Project Introduction

The following is a condensed version of the project constructed for the class "Scientific Visual Analysis and Multimedia" taught by the Department of Engineering Science and Mechanics at Virginia Polytechnic Institute and State University. The fully interactive project can be downloaded from the Laboratory for Scientific Visualization server located at ftp.sv.vt.edu.

Problem Description

Within the engineering and design communities, there exists a need for highly accurate analytical models for predicting stresses and strains within a laminated composite body. Many methods exist that are adequate for simple loadings, geometries, and lay-ups. For a practical laminate (one with many layers) with a hole, there has been a great deal of difficulty predicting the three-dimensional stress state in the regions near the hole edge. The stress state is extremely complex in this region and will likely be the area of failure initiation.

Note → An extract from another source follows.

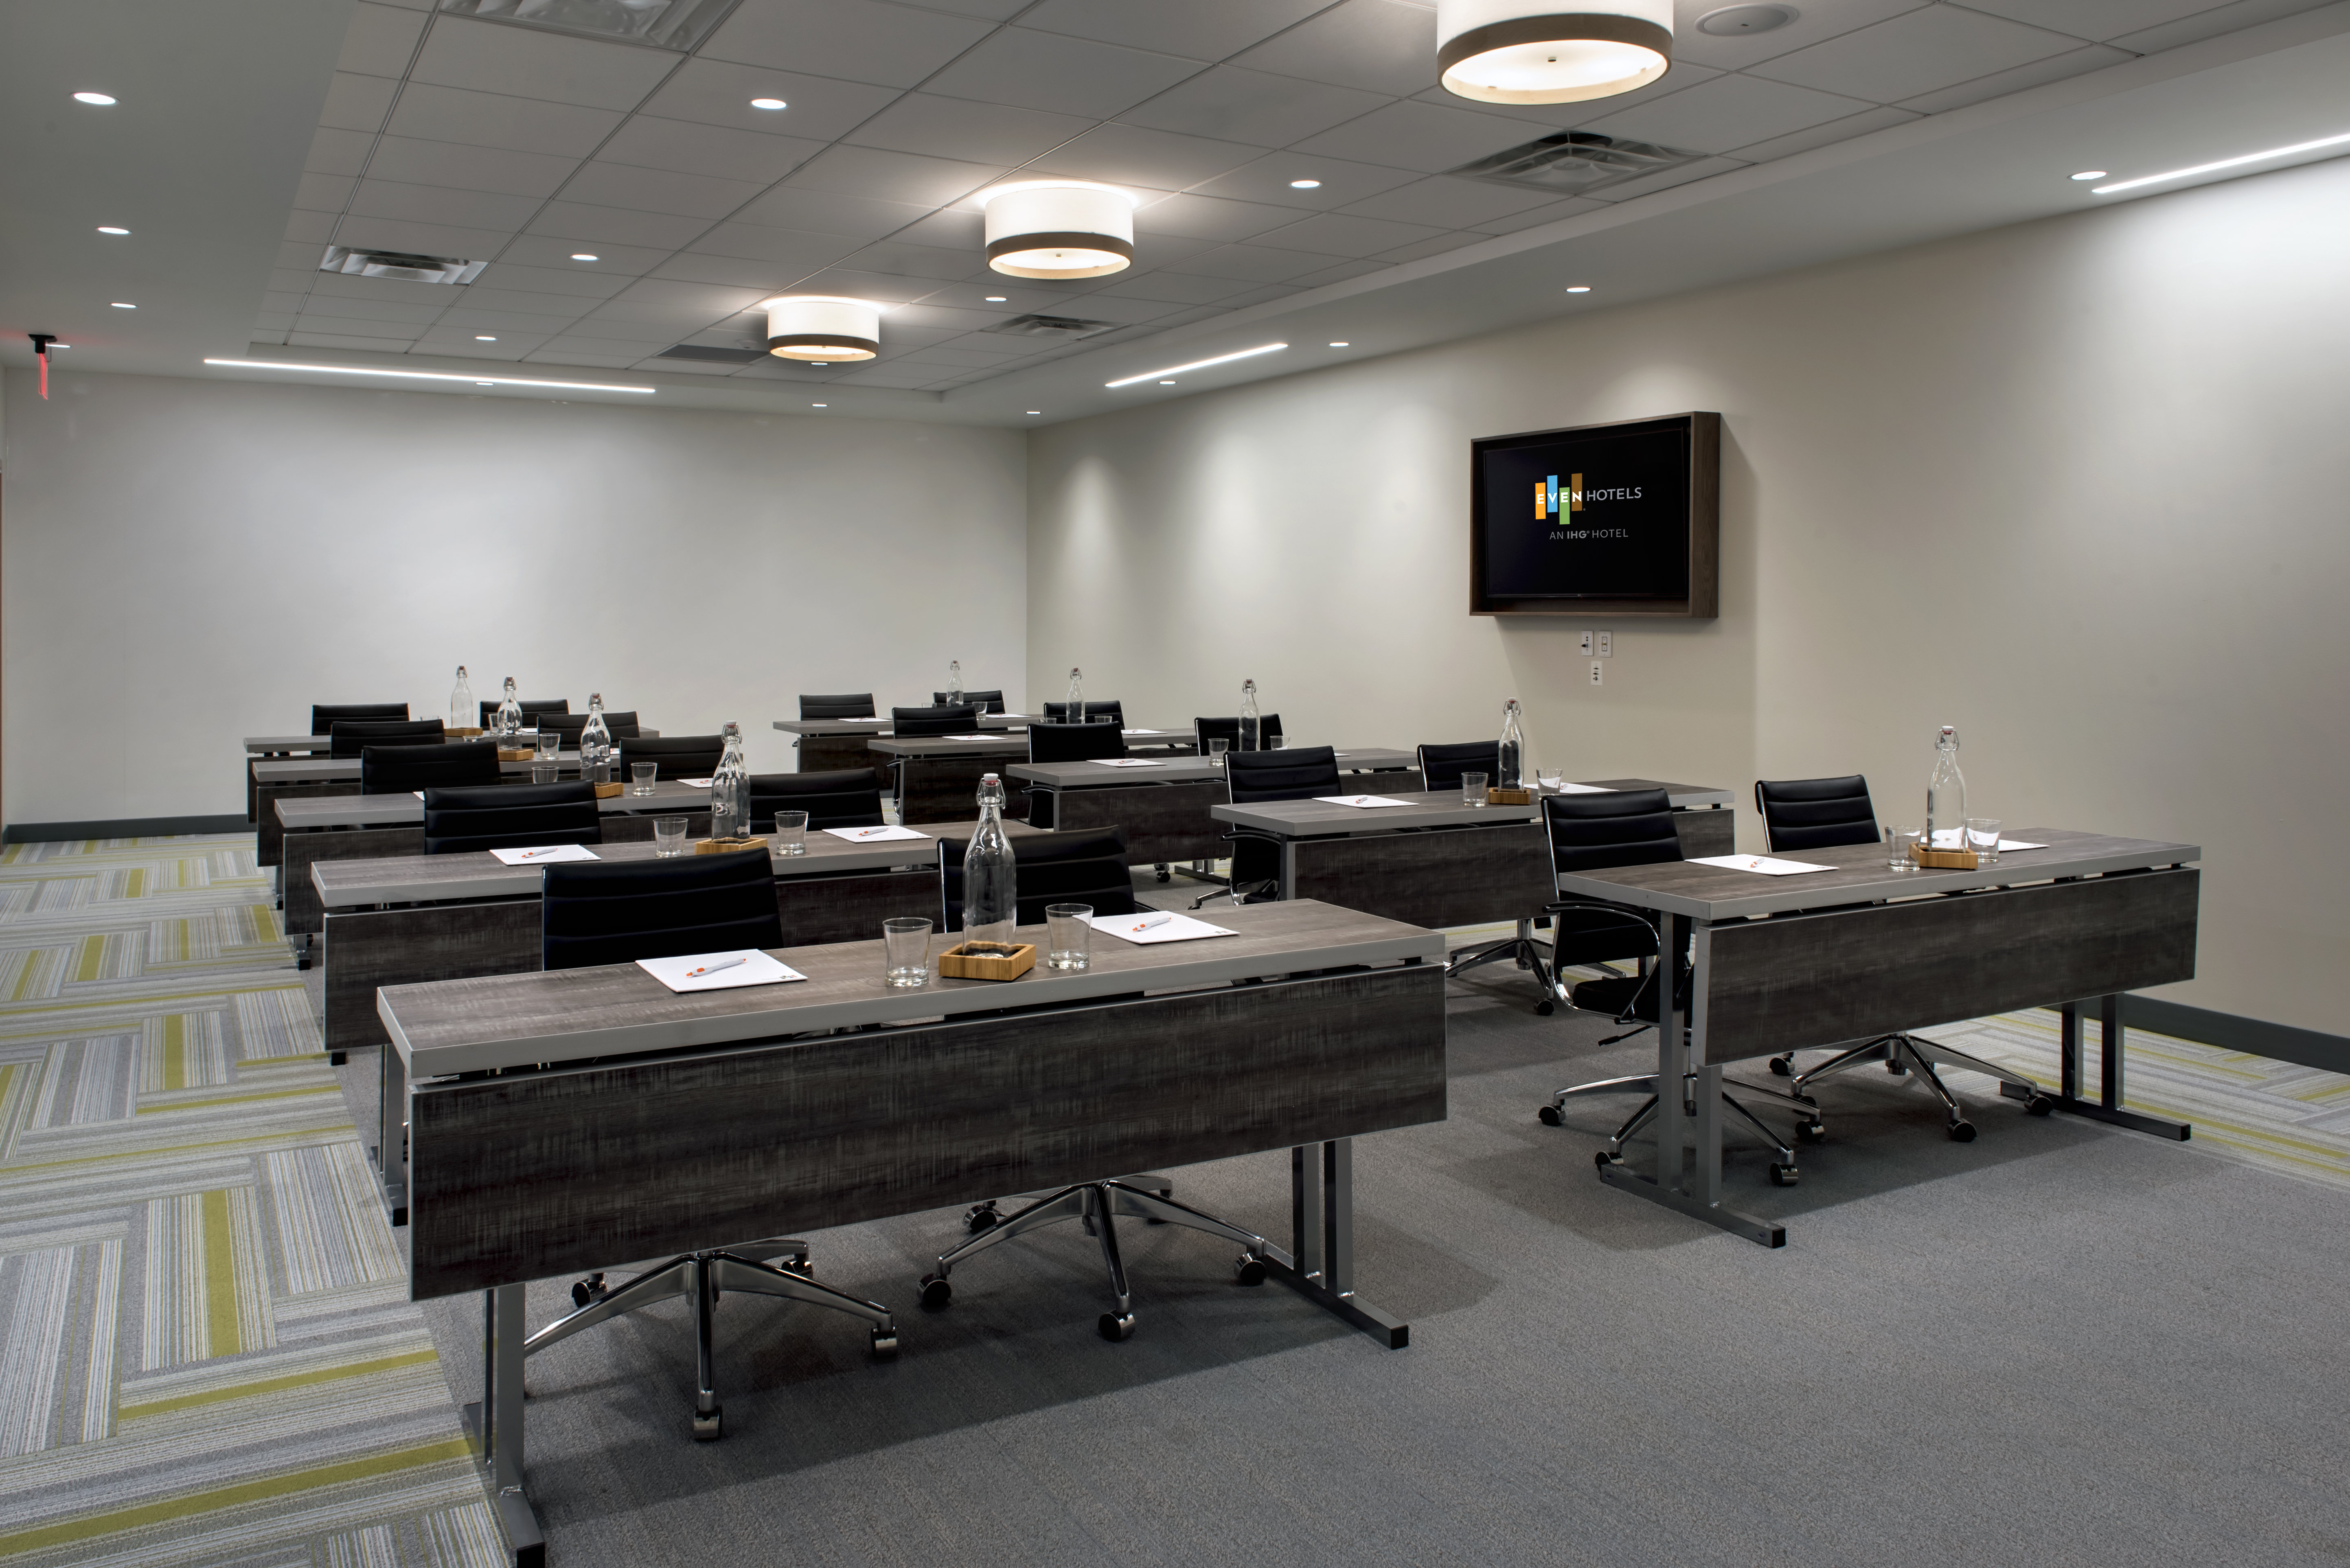 Our meeting space can be set up in a number of different ways.

A relatively new three-dimensional stress/strain analysis method that appears promising is known as the Spline Variational Elastic Laminate Technology (SVELT). This technique is under development for the United States Air Force Materials Directorate by AdTech Systems Research in Beavercreek, Ohio. It has several advantages over competing techniques that will be discussed later.

One problem with a new analysis technique is that it requires validation. This validation can take the form of comparisons with other, proven analytical techniques, or comparisons with experiment. Both validation methods have been employed by the researchers working on this problem. This project discusses one method of experimental validation, moire interferometry, and the comparison of these experimental results with SVELT data. Several 28-ply laminates with holes were manufactured. Detailed three-dimensional strain and stress variations were obtained using the SVELT analysis program. Phase-shifting moire interferometry was used to measure surface strains over the region near the hole on two specimens.

Project Objectives

The objectives of this project were three-fold. First, to establish the "proper" level of experimental data smoothing to effectively display and compare the moire data with SVELT data. Second, to develop a tool that can be used to evaluate the quality of the comparison between analytical and experimental results. Finally, to produce an interactive, visual way of educating colleagues about the data reduction process and the experimental and analytical comparison.

Techniques

SVELT

A detailed description of the Spline Variational Elastic Laminate Technology (SVELT) is beyond the scope of this project. Therefore only a brief introduction will be given here.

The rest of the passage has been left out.